Even though I’m a Cyanogenmod user, I’m okay with this. The installation process isn’t foolproof, and it’s entirely possible to brick your phone with the installer.
That’s my thinking, I thought Cory’s “one of the advantages of Android is that it doesn’t attempt to prevent you from installing unapproved software” line kinda misses that point.
There are certainly advantages to not having a single-point of access for apps - but I don’t think this is one of them…
Any opportunity for a dig I suppose!
Yes, but Google allowed the App, plus other similar ones. To now, ask for them to be removed sends a muddled message to developers.
So, assuming you didn’t brick your phone, what was your reason for risking it, and are you still happy with your decision?
Genuinely curious. There’s a lot of Samsung crapware on my phone that I would be glad to uninstall if I thought the probability of killing my phone was low enough.
You might get some battery life back too!
My device (Galaxy Nexus on Verizon) has no warranty - I bought it used on eBay. Considering that Google has (quite arbitrarily) decided that the Galaxy Nexus does not merit the KitKat treatment, I think it is both petty and disingenuous to evict the Cyanogenmod installer off the Play store because it “will” void my warranty.
Furthermore, Google Play store differentiates which downloads are permitted by device - not all apps are available for all O/S versions or devices (a major pain point for Android developers) - so they could quite easily still permit the Cyanogenmod installer for devices that are clearly too old to still be under warranty.
I was really pleased to hear about this, I hoped it would have solved some of the issues I was having with my phone. Going through the process to install the firmware was really frustrating, searching for the app in Play never gave the right app as a result. No matter the combination of terms, the app I needed to do this was not listed.
I know it’s not CGMs fault, but in light of this article maybe they were being buried already.
Well, that answers the question of how long it would last on Play. Google has very Google-centric definitions for words like “free” and “open”.
I have no problem with CM leaving Google Play, though. It could be a dangerous toy for people whose only experience with software installation has been searching and clicking “Install”.
Which was actually the problem here - the cyanogenmod installer needs something like 3 clicks and a few minutes of your time, no tech skill required.
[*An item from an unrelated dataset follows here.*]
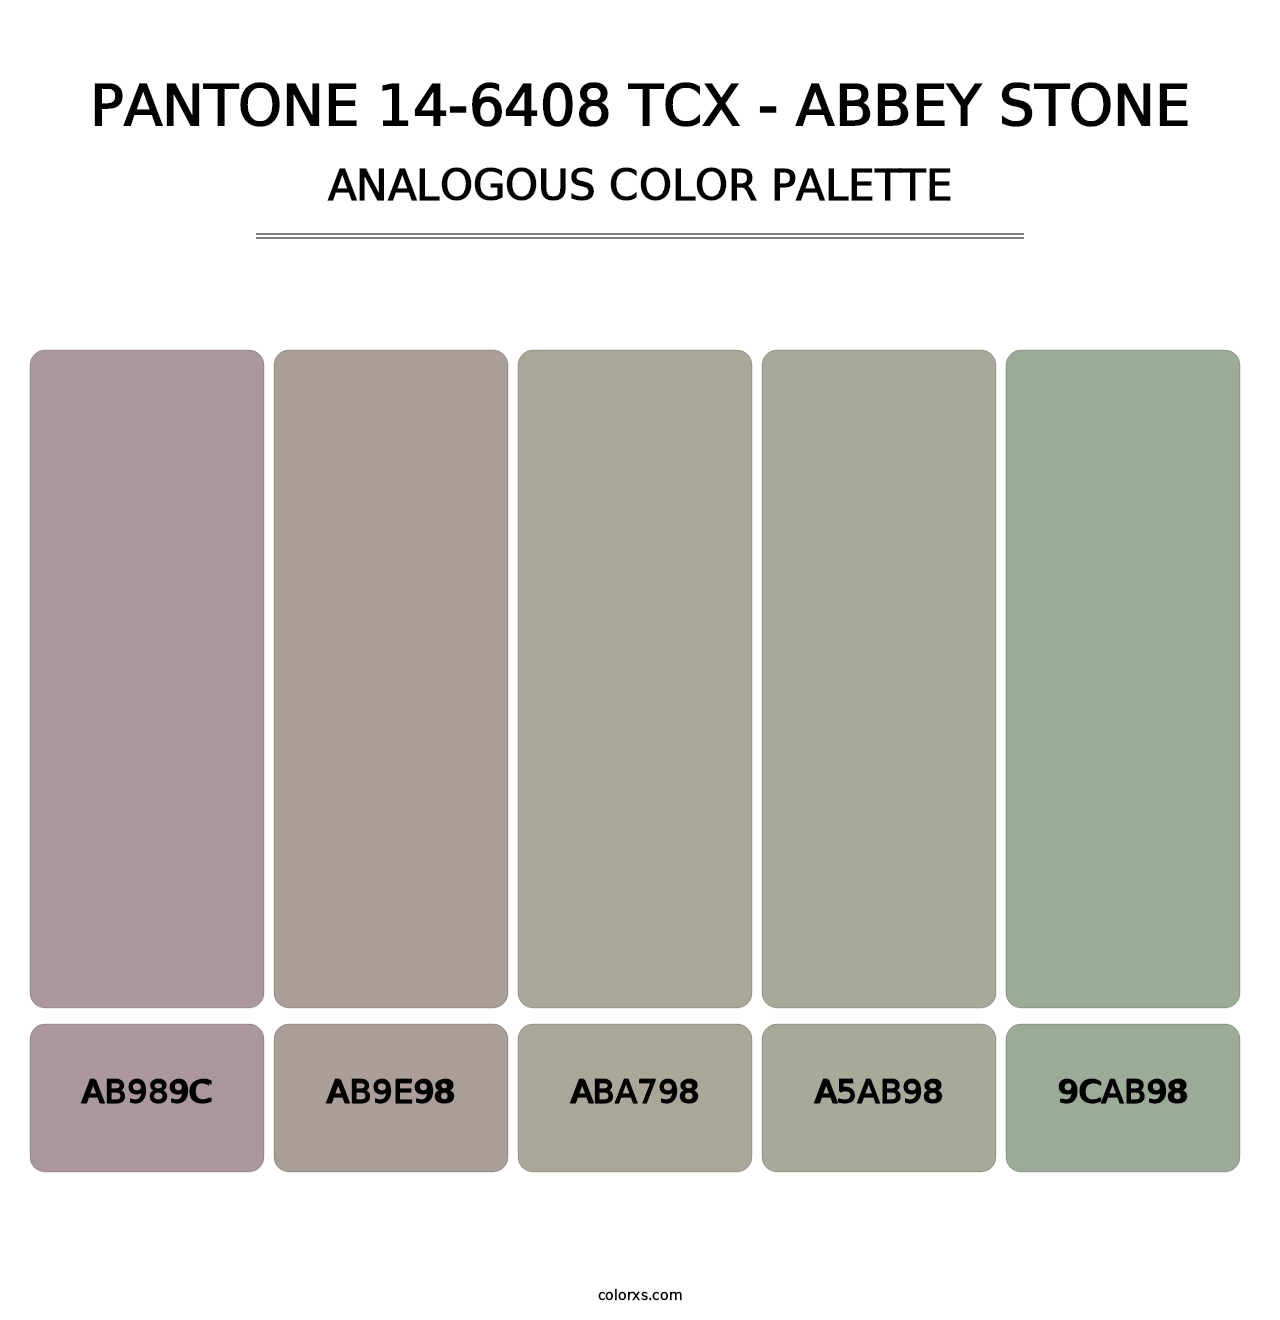 PANTONE 14-6408 TCX - Abbey Stone - Analogous Color Palette

As to the “You can brick your phone!” argument, well yes sure it is possible, but it’s along the same lines as “You’ll shoot your eye out!”. Stick with a stable release for a supported device and you are unlikely to have a problem.
replying to scav ; I don’t know what the probability of something going wrong is, but it went smoothly enough for me. I just grabbed it from the Play Store the other day (so was surprised to read here that it got removed). If you were going to install it, you should OF COURSE back up your phone before doing the install process.
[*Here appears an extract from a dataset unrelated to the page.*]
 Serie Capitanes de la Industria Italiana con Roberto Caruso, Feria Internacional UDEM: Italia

Yes my Samsung (and ATT) crapware is gone now. Tethering so my phone can offer an internet connection to my laptop when needed seems to work very well (I know installing CyanogenMod isn’t the only way to get tethering but the feature is there by default). Homescreen and other things seem more customizable, battery life and performance and stability seem fine. No real complaints here so far. More info here ;
As a Verizon Galaxy Nexus owner who runs Cyanogenmod, I wasn’t terribly pleased either, but apparently it’s not all that arbitrary. The support ended three months before it was scheduled to. Let’s all let that soak in a bit.
And let’s get real here: the Cyanogenmod installer, from what I’ve seen about it, basically just enables ADB and instructs the user on how to plug the phone into a PC and run the Windows installer. It’s…not that big of a deal.
The odds of bricking your phone may be small, but they’re real. But I think it’s more significant that installing Cyanogenmod will wipe most of your phone’s settings, and that you’ll have all sorts of small differences to your operating system that you may not have anticipated. You end up with a faster, better Android, with the bloatware stripped out, and with greater flexibility, which is why people use Cyanogenmod. But it’s not a casual decision, like installing a typical app.